Hollywood Boulevard is the last unretouched Main Street in Los Angeles. By day and by night, the sidewalks host a constant parade of pedestrians – lingerers, tourists, hipsters, small shopkeepers, clerks, high school students, and Scientologists. Buildings that were lovingly detailed from the parapet down are largely intact, although many are hidden behind shoddy stucco updates or plywood board-up. The street is, in a way, an oasis for those who prefer to ply the margins and reject the phenomenon of predigested city life – the type of urbanism embodied by the likes of Colorado Boulevard in Pasadena and 3rd Street Promenade in Santa Monica.
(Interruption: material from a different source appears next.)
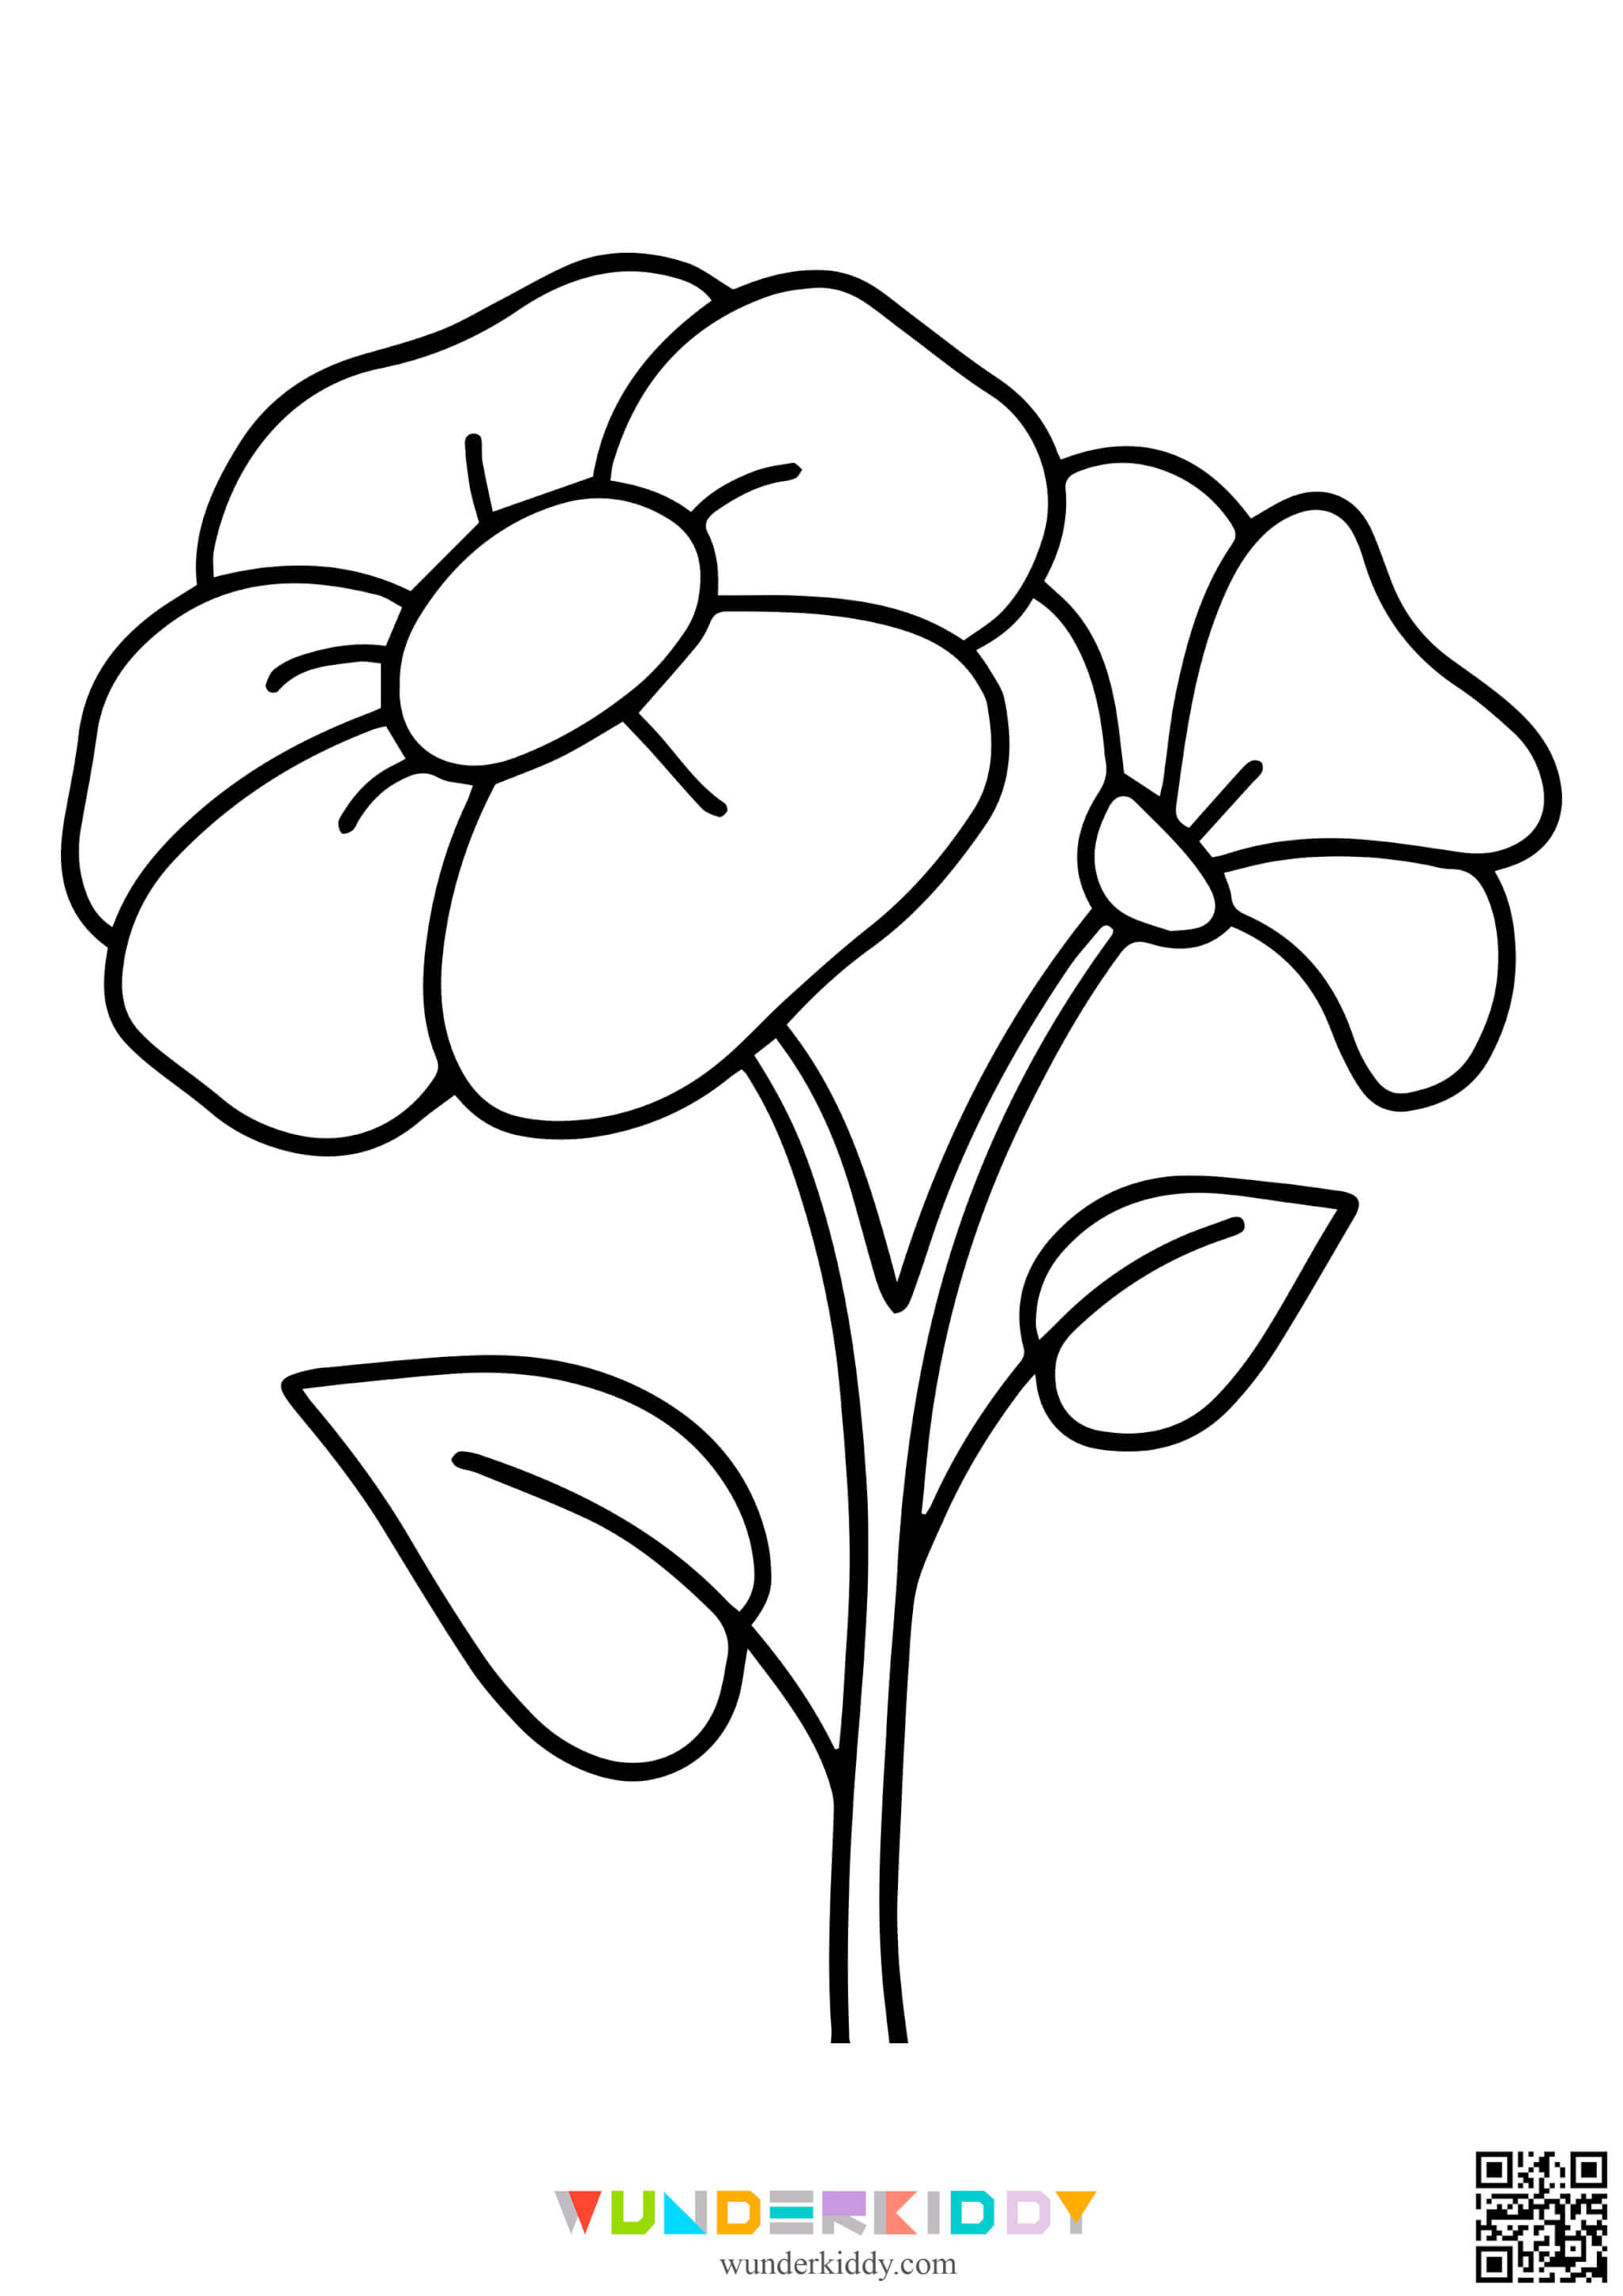 Spring Coloring Pages - Image 9

This quality, indeed, is what developers are trading on as they race to retool 1920s and 30s office buildings and department stores in Hollywood into chic lofts for flush denizens who fancy themselves as taking a walk on the wild side.
The Los Angeles Forum for Architecture & Urban Design is hosting a competition to take a 15-foot wide storefront on Hollywood Boulevard and give the façade and first floor interior an identity. This is the first permanent home for the Forum in its 20-year history. The space will become a revolving gallery, Chautauqua, stage, and hang-out where the Forum will present exhibits, talks, and occasional competitions.
The notion of Liner is to find a compelling set of useable forms that express the Forum’s commitment to subvert accepted beliefs and foment an incendiary conversation about the built environment. The Forum insists upon being provocative, and favors the unresolved and experimental over the conventional. The Forum is not a society for professional advancement. The Forum is an on-going meditation on the give-and-take between design and the irrepressible, often inscrutable life of the city.
As it now exists, the room is little more than walls, ceiling, and floor. It is, in other words, empty. Two storefront windows flank the front entrance, and these spaces are, as well, up for grabs. There are very few limits to the competition, except that whatever the Forum installs must be moveable. The space is shared with the Woodbury School of Architecture, and thus the Liner project must have something of a chameleon quality. A dais, bleachers, gallery boards – all of these are possible objects that the Forum will require for its occasional use. But when not in use, the items must transform and either become something else or be easily removed from the space for storage on site.